# Looking for a good tile cleaner??



## Sellncars (Nov 21, 2005)

Anyone know of a good tile cleaner???

Thanks,
Sellncars


----------



## ee3 (Feb 10, 2006)

Aqua Mix


----------



## Mike Finley (Apr 28, 2004)

1 cup Baking Soda 
1 cup Ammonia 
1/2 cup Vinegar 
1/2 gallon Warm Water 

I've heard that works, let us know if you try it.


----------



## JJC (Nov 5, 2005)

Try SureSeal Co. They have a product called Restoration Cleaner. Have had great luck with it, actually all their products. (sealers etc.) This restoration cleaner does not have any bad fumes, does not require rubber gloves, and all that other stuff. There is no diluting necessary, just follow the directions. Since I can't post a link, here goes the long convoluted process. Its located at SureSealUSA. Since I don't know where in the country you are located I'm unable to pinpoint a supplier for you. If you have questions, E-M me.

Jim


----------



## diego79 (Nov 22, 2005)

> Anyone know of a good tile cleaner???


Me! :thumbup: 





JJC said:


> Try SureSeal Co. They have a product called Restoration Cleaner. Have had great luck with it, actually all their products. (sealers etc.) This restoration cleaner does not have any bad fumes, does not require rubber gloves, and all that other stuff. There is no diluting necessary, just follow the directions. Since I can't post a link, here goes the long convoluted process. Its located at SureSealUSA. Since I don't know where in the country you are located I'm unable to pinpoint a supplier for you. If you have questions, E-M me.
> 
> Jim


 Sureseal is good. i have about 1000 dollars of their sealer sitting in my garage right now - which is easy at 150 dollars a gallon. Their cleaner is pretty expensive stuff actually and since you don't dilute it, it ends up being about 8 times more expensve than most normal professional cleaners that are diluted 4 to 1.



> 1 cup Baking Soda
> 1 cup Ammonia
> 1/2 cup Vinegar
> 1/2 gallon Warm Water
> ...


 Sorry mike, that doesn't really work too well.

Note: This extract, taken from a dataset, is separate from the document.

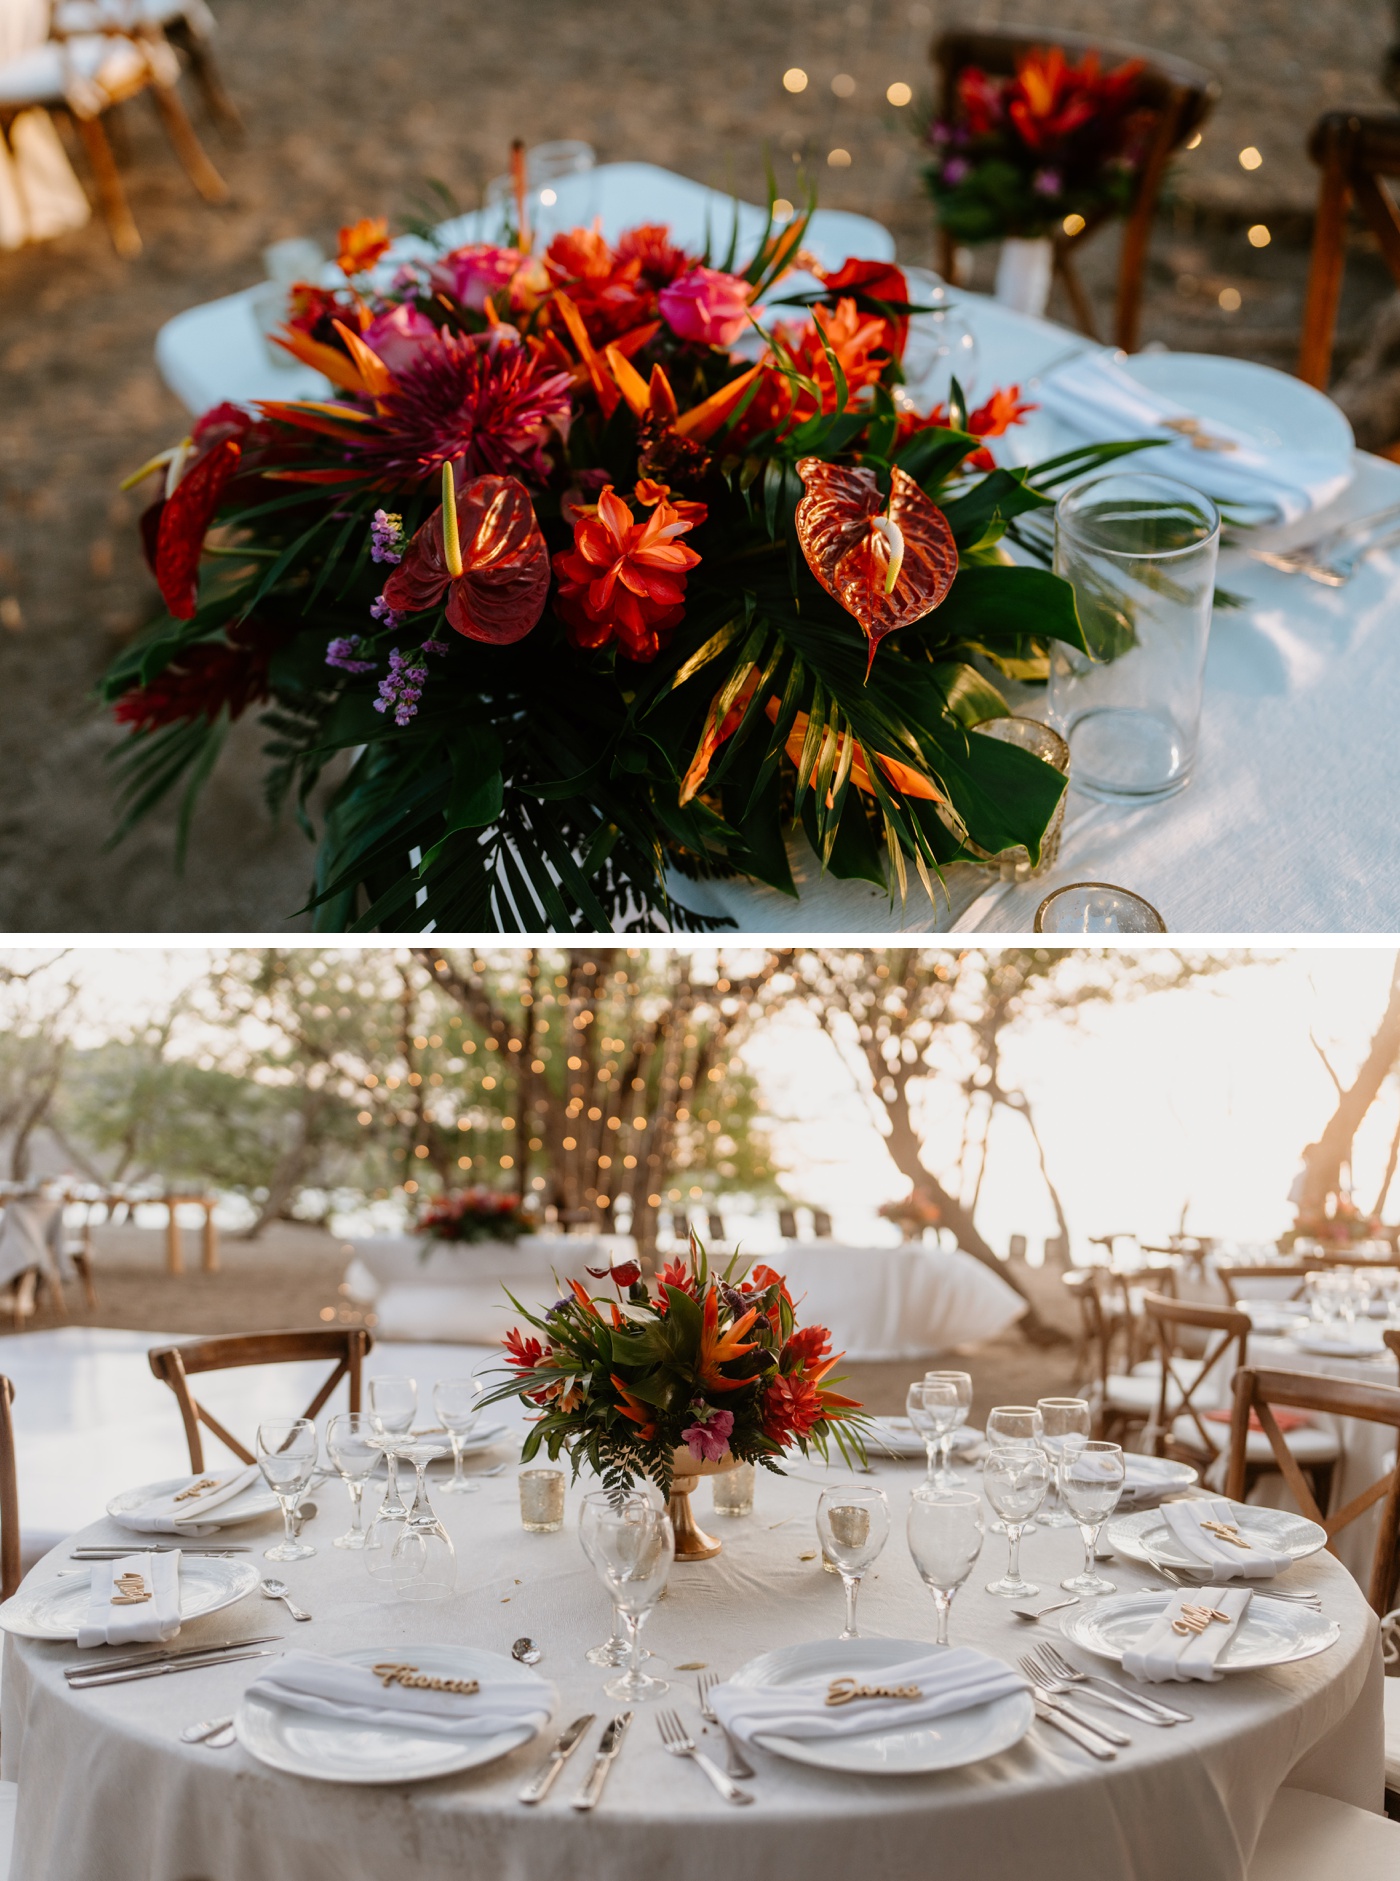 Tropical floral wedding centerpiece with anthurium and bird of paradise
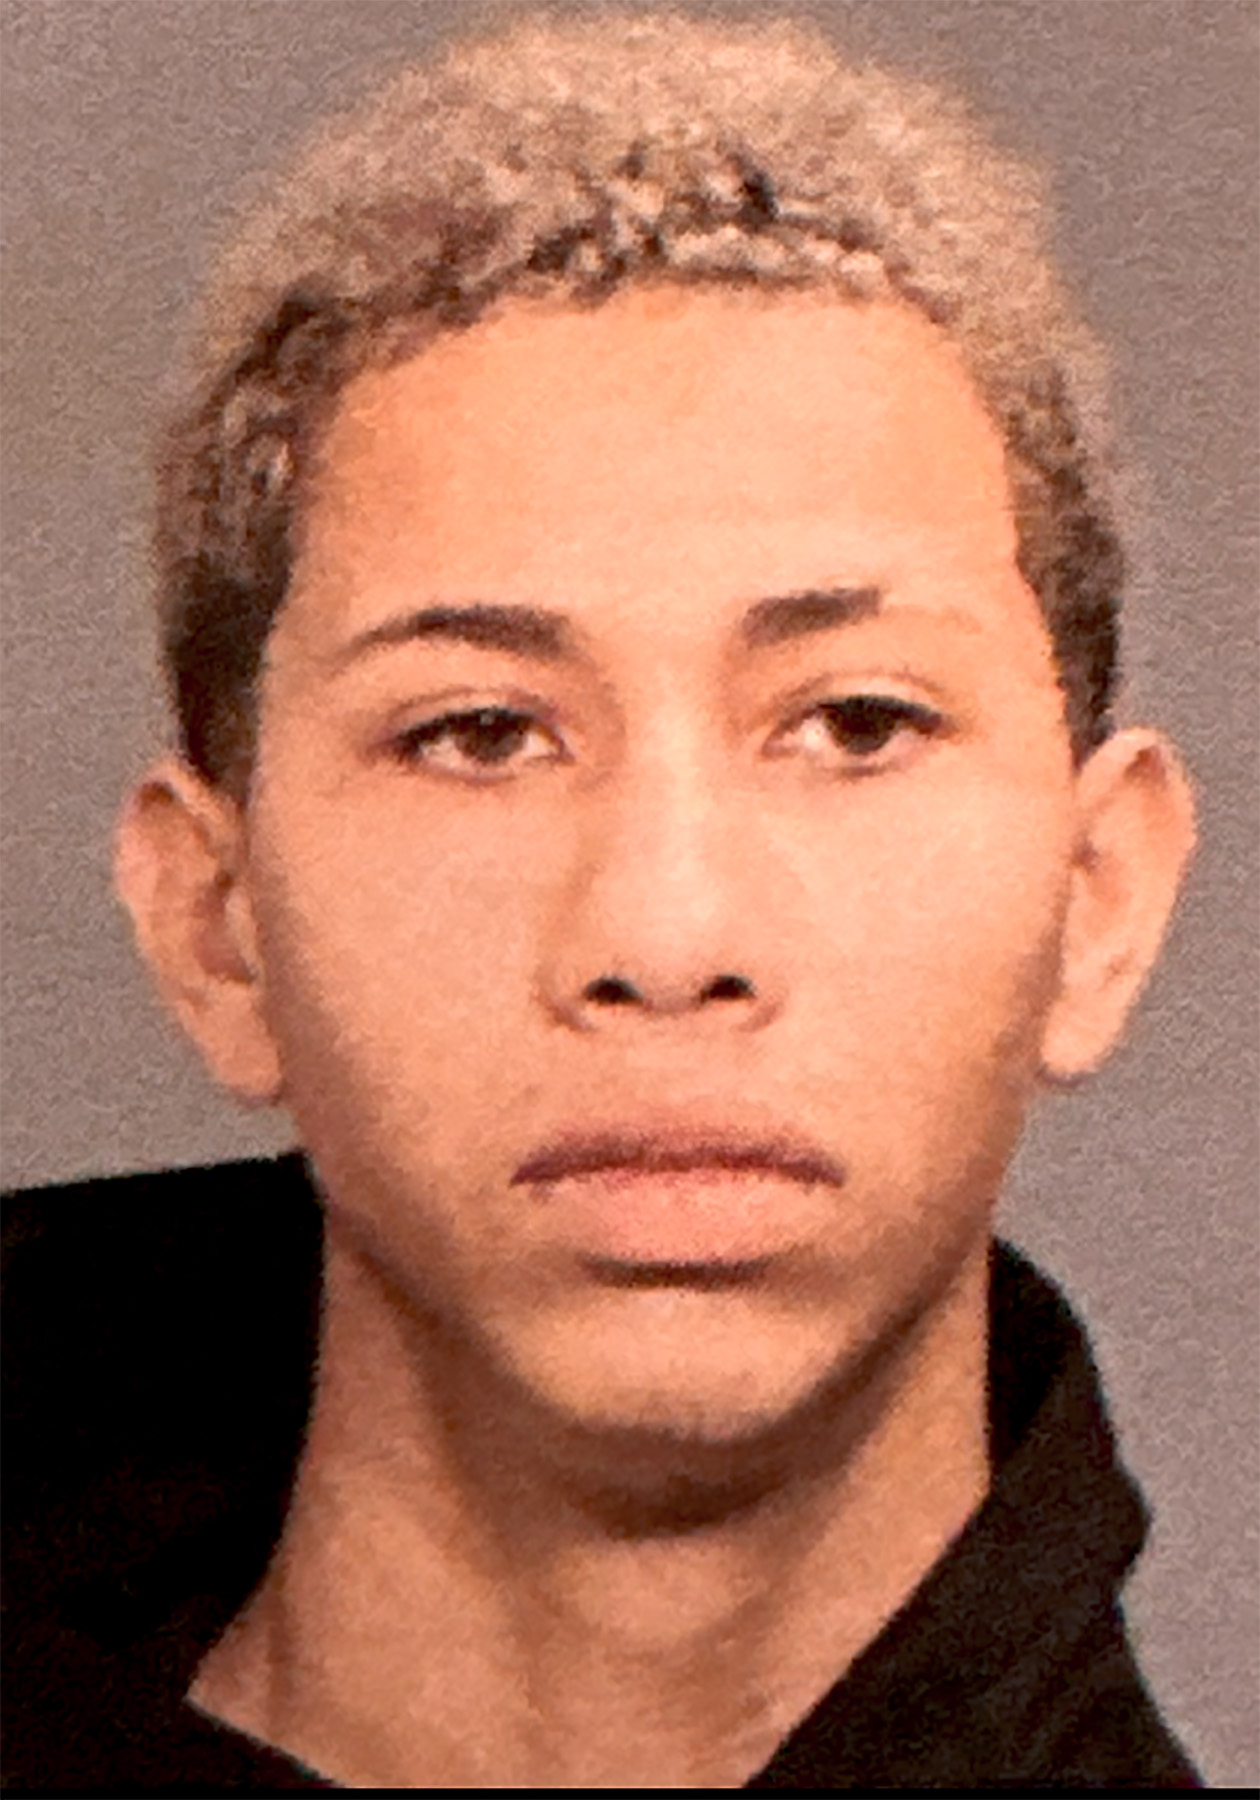 Cops arrested Darwin Andres Gomez-Izquiel on a shoplifting charge in Queens. He had previously been arrested for assaulting cops in Times Square. -Photo by NYPD

You should be using a high alkaline cleaner. Stone tech (stonetechpro.com) has one called Klenzall and is what we use. You need dwell time of 15 minutes, agitation and a way to rinse out the grout. We use a high pressure extraction system that works wonders but is not available to a home onwer.


----------



## Nathan (Jul 21, 2003)

You may want to ask over at www.cleaningtalk.com too. They have a lot of good info on this stuff.


----------



## MattCoops (Apr 7, 2006)

vinegar and hot water

a set of sponges different coarseness
a big ol fat sponge to wring out and soak up scum and haze

some elbow grease


----------